Perkins suggested Biden is failing to fix the economy by interfering too much. "More government spending, higher taxes, and continued government regulation: how is that going to help supply and demand?" asked Perkins. "If you're in a position of government, you don't make anything. You just watch whatever other people make. It's really the private sector that drives the economy, but you can affect that by cutting regulations, cutting taxes so that people produce more. That's what brings the prices down." Cramer agreed that Biden has "got the supply, demand curves completely upside down." He "pushed through this $2 trillion giveaway program... which put fuel on the fire of inflation," while on the supply side he "squelches energy development."

On top of this, Cramer protested, Biden's "environmental policies run up straight against his economic policies." To reduce gas prices, "they want to push us all to electric vehicles," while slow-walking new drilling permits for cost-effective oil and gas. Biden signed a "$12,500 per electric vehicle" subsidy, said Cramer, but "he's shut down critical mineral mining" for their batteries. Cramer suggested administration officials "don't have a fundamental understanding of what motivates the private sector." When Jesus said, "do not let your left hand know what your right hand is doing" (Matthew 6:3), he was condemning charitable acts done to earn men's praise, not endorsing government policies that contradict each other.

Cramer said Biden hurts the economy by his signals, even when they don't result in policy. "Where he doesn't have regulatory authority, he sends messages.... He proposes regulations that will probably never become final," Cramer complained, sending "messages to the investment community... 'don't invest here.' The previous administration that he loves to blame -- they didn't have this problem."

Democrats have rolled out a new favorite term, "MAGA Republicans," but Cramer suggested that's "a term of endearment" to those who know what it means. "We'd love to go back to the Make America Great Again days, when inflation was 1.4 percent," he said.

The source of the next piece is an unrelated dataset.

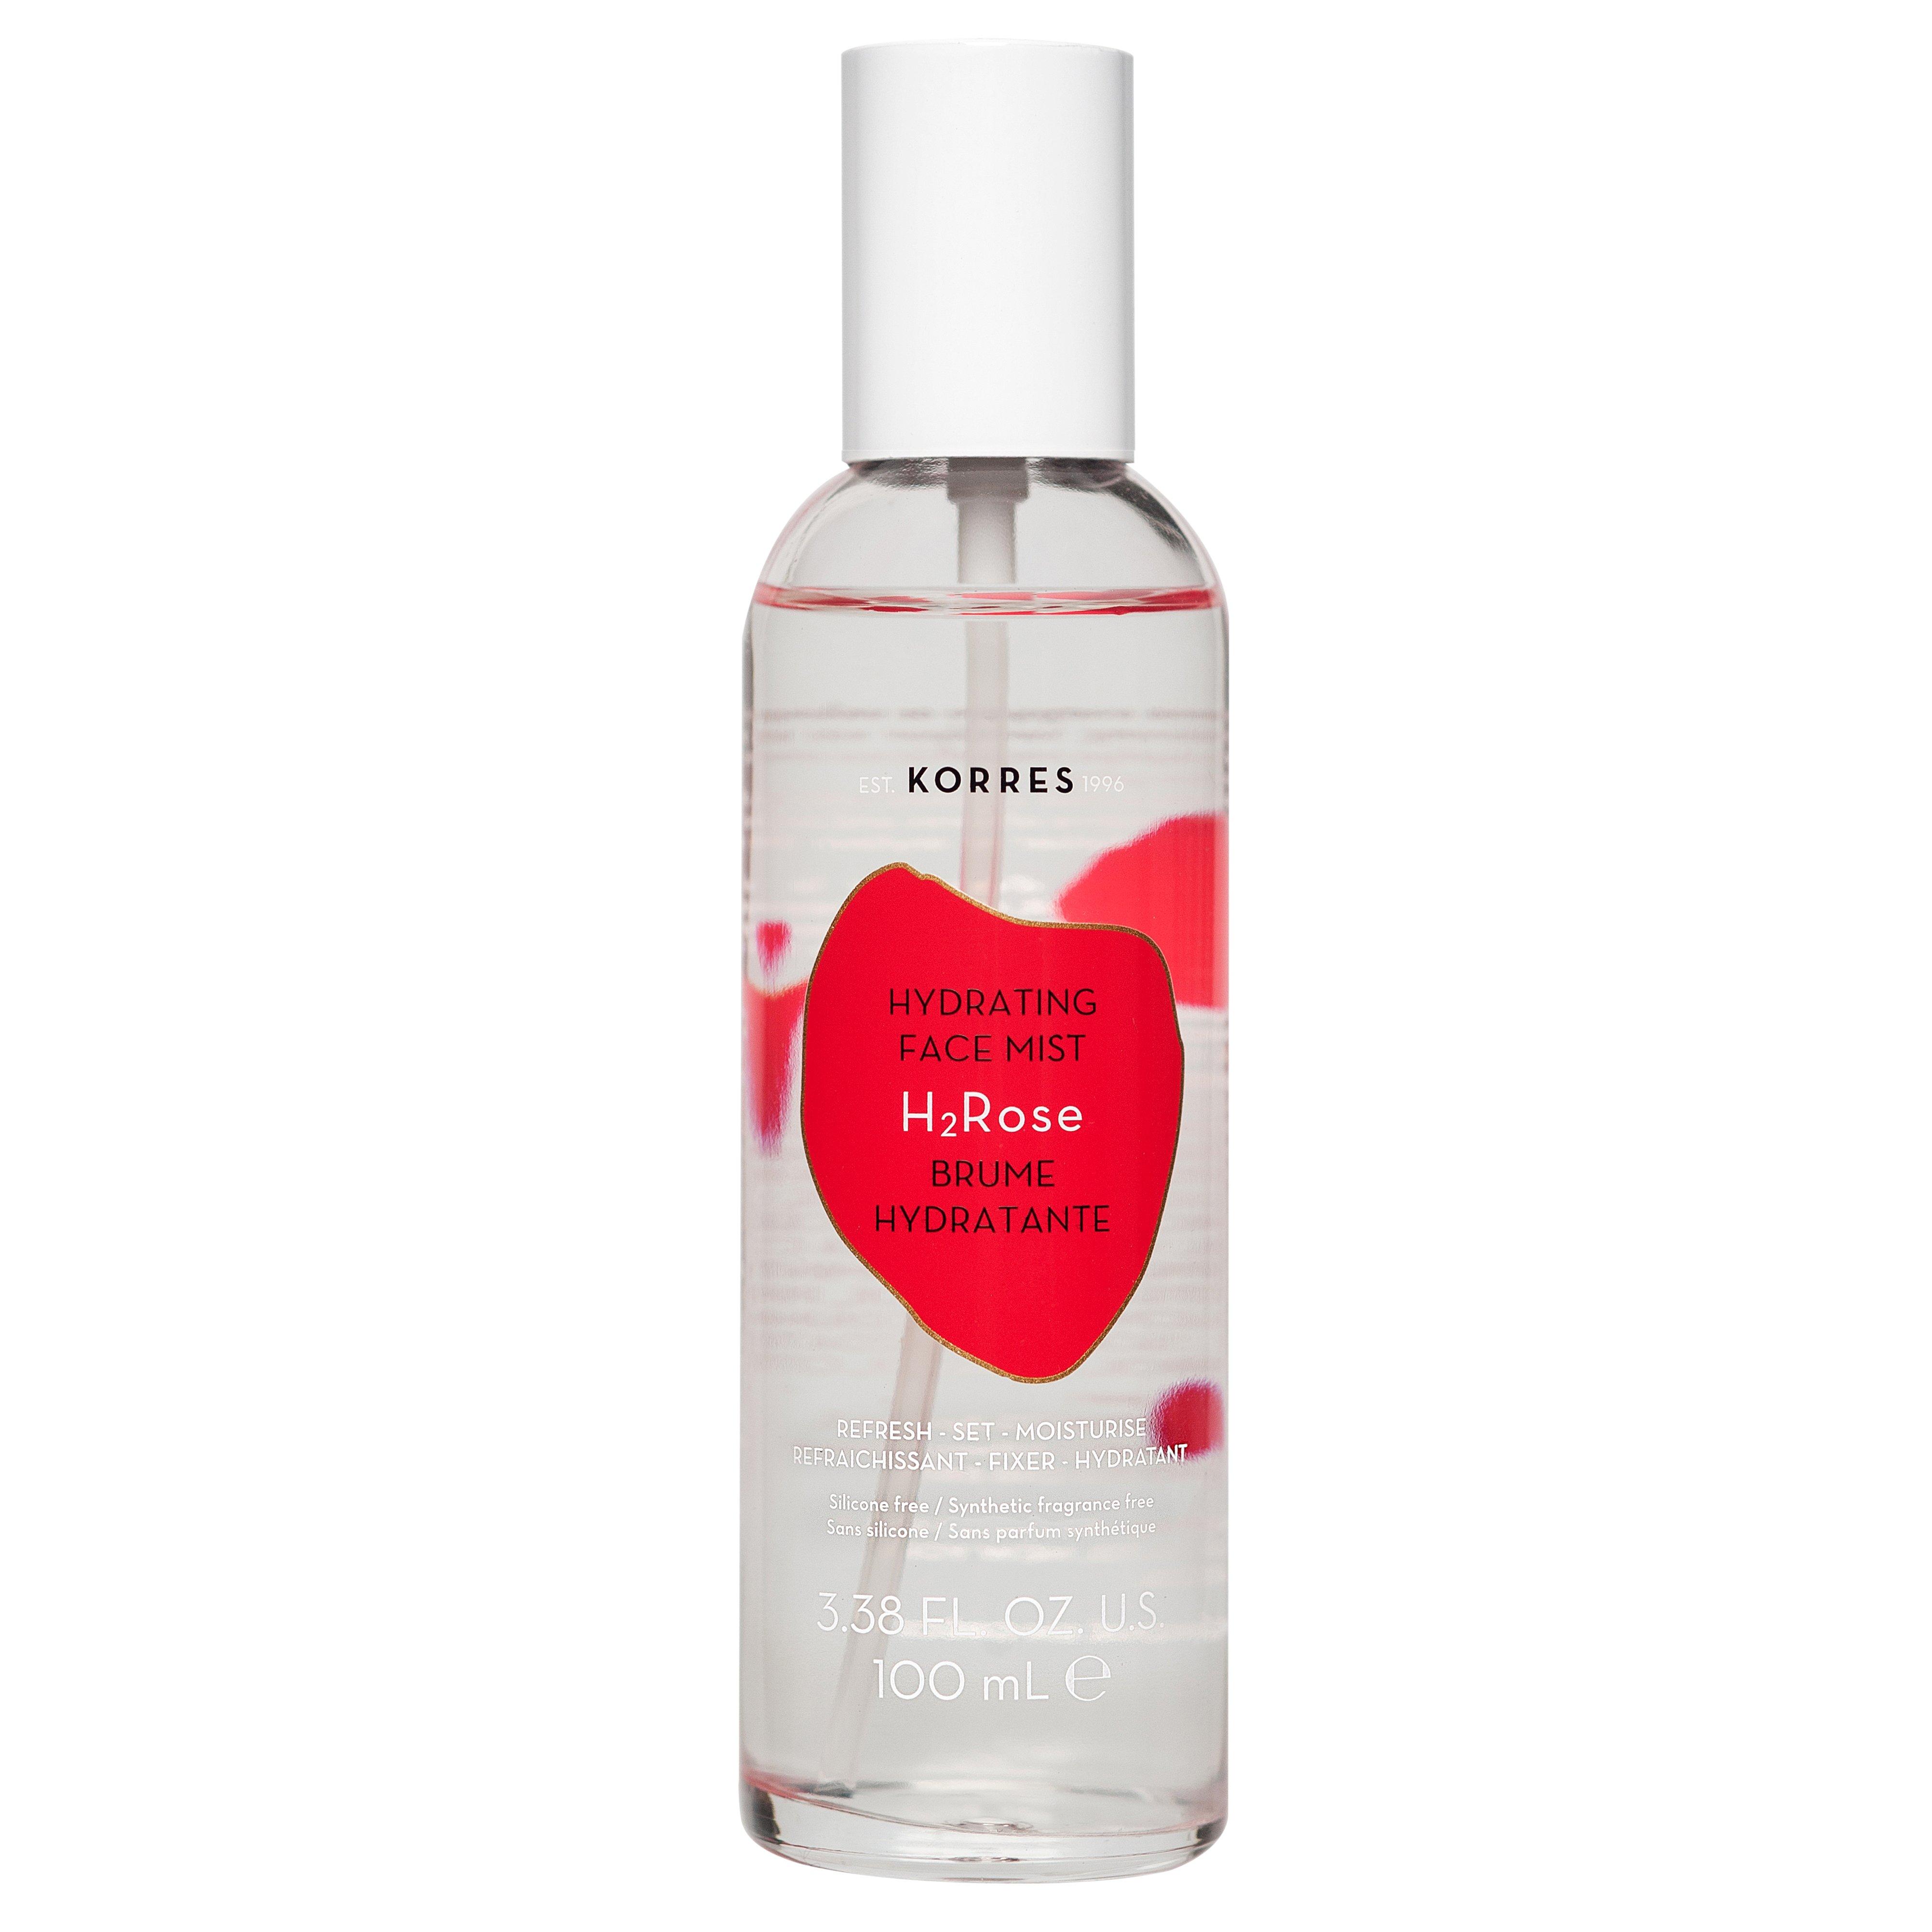 Korres Wild Rose Hydrating Face Mist Άγριο Τριαντάφυλλο Ενυδατικό Mist Προσώπου Super Λάμψη Non-Stop Ενυδάτωση & Τόνωση 100ml
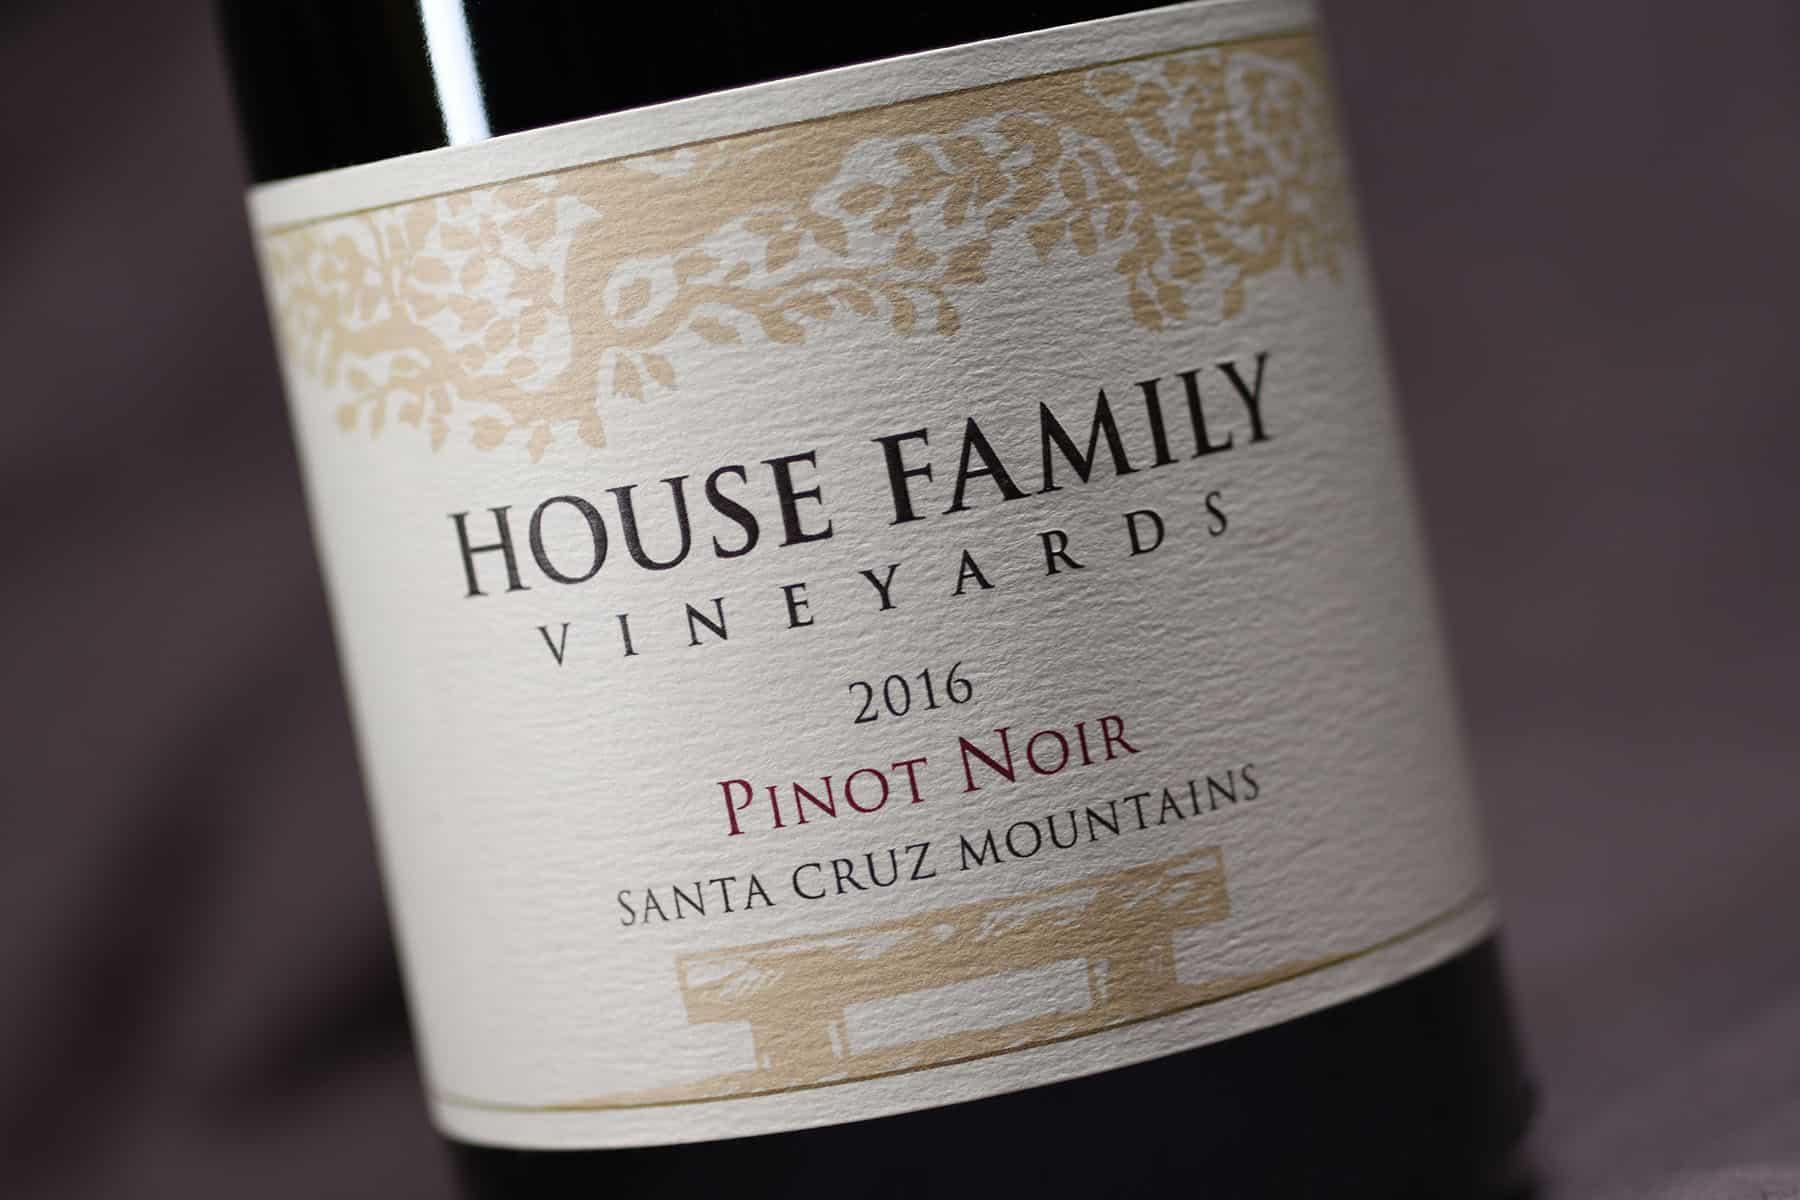 House Family Vineyards Pinot Noir label

When "the cost of gasoline, the cost of food, the cost of everything was less, where people were making more money, where the middle class was growing, ... when the nation was secure, before Russia dared to invade its neighbor, ... and the southern border was actually managed." Instead of fixing "the economy, stupid," President Biden has chosen to play "pin the blame on the GOP," but voters aren't buying it.